The president-elect has announced initiatives to limit lobbyists from influencing decisions in Washington, first by placing an administrativeGrin ban on registered lobbyists of the past five years, and then too by placing term limits on the politicians themselves.

“Not only will people not be able to (be) registered state or federal lobbyists, but when they leave government, they will be banned from being a registered lobbyist for five years,” spokesman Sean Spicer said recently.

It remains to be seen however if K Street professionals will be able to simply de-register or find other loopholes that allow them to continue working staffer positions in Washington following their lobbying efforts. Trump  has promised he will phase it out, however.

How much red tape can be cut?

Trump estimates there is $50 trillion dollars’ worth of “job-producing American energy” underneath our feet, and he ought to be able to deliver on loosening restrictions set in place to promote a clean energy future. However, eliminating the entire EPA is bigger battle.
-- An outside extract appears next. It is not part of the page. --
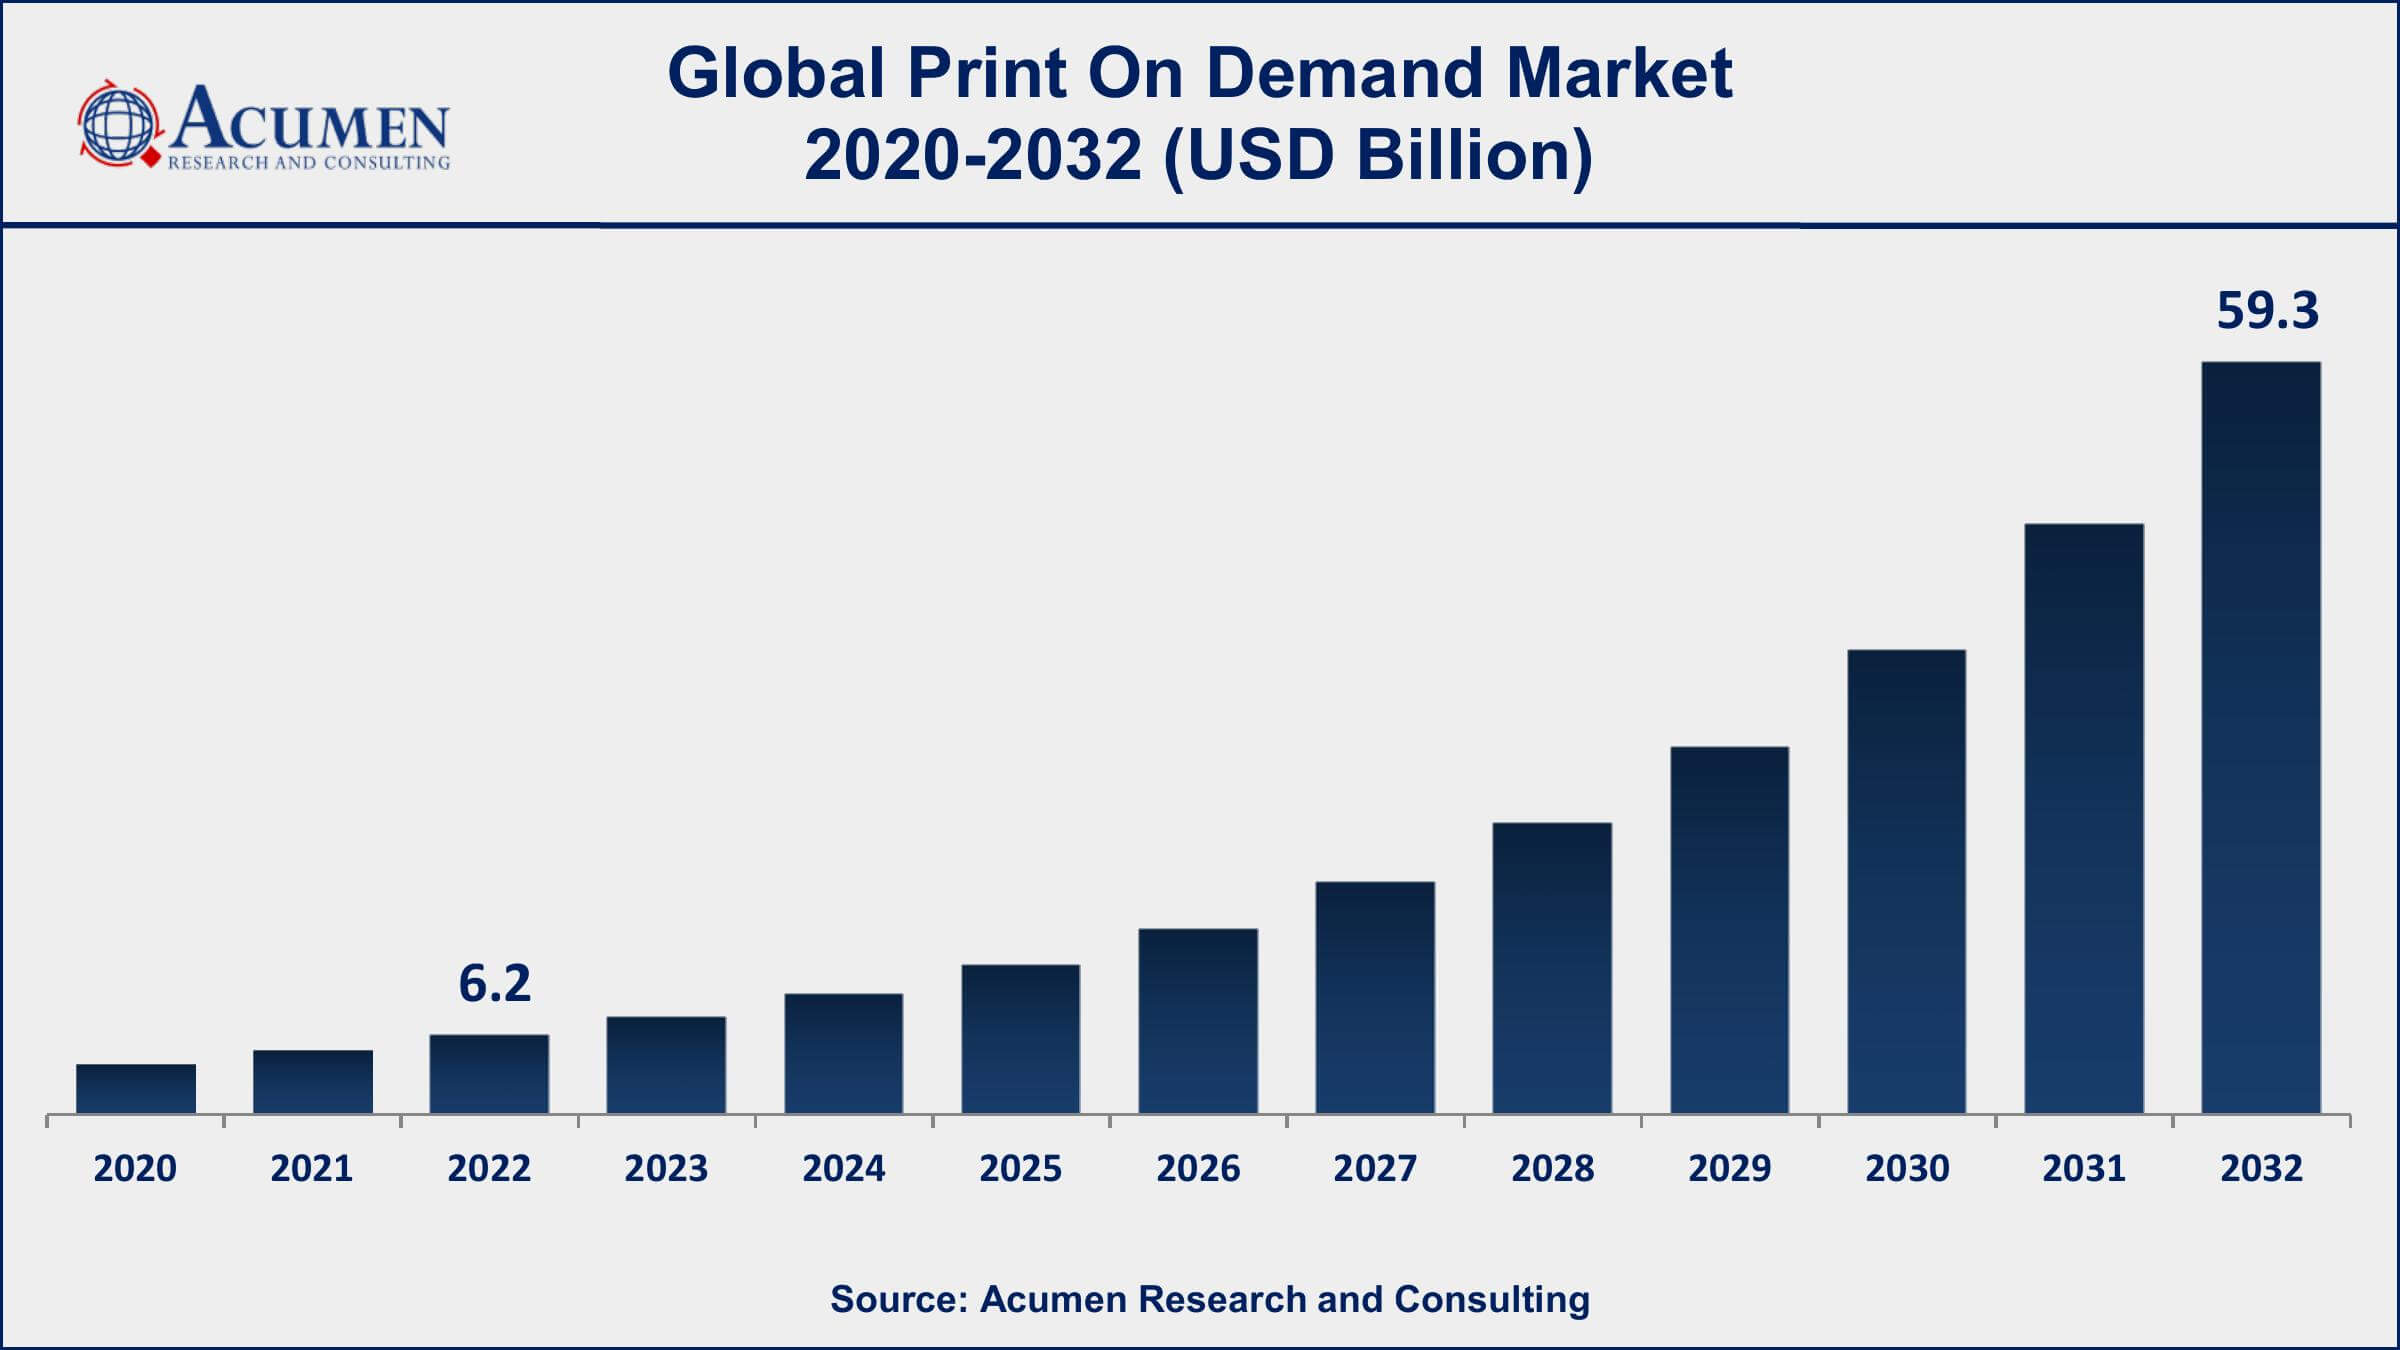 Print on Demand Market Dynamics

The $8.2 billion agency employs over 15,000 people in Washington and is constantly conducting environmental research across its ten regions. It’s also not favorable to market conditions for Trump to reduce the number of restrictions on oil production while there is already an oversupply, although it would create more energy independence.

There are also Department of Labor regulations to consider, in addition to FCC rules and other fast-track measures that will cut into the Federal Register in a way not seen since President Ronald Reagan did it in 1981.

What about those ‘bad trade deals’?

AP Photo/Esteban Felix)

AP Photo/Esteban Felix

It is entirely possible for Trump to issue an executive order for America’s exit from the Trans-Pacific Partnership, rendering the deal basically useless.

“On trade, I am going to issue our notification of intent to withdraw from the Trans-Pacific Partnership, a potential disaster for our country,” he said in his Nov. 21 address. “Instead, we will negotiate fair, bilateral trade deals that bring jobs and industry back onto American shores.”

Across the pond, some economists are warning of 25 years of economic pain should a hard Brexit take shape causing the UK to withdraw from its own trade deals. NAFTA, which Trump has called “the worst trade deal ever,” will be a bit trickier to renegotiate. But after the Rust Belt delivered him the big upset win, it’s unlikely Trump will walk back his campaign promise to dismantle the deal.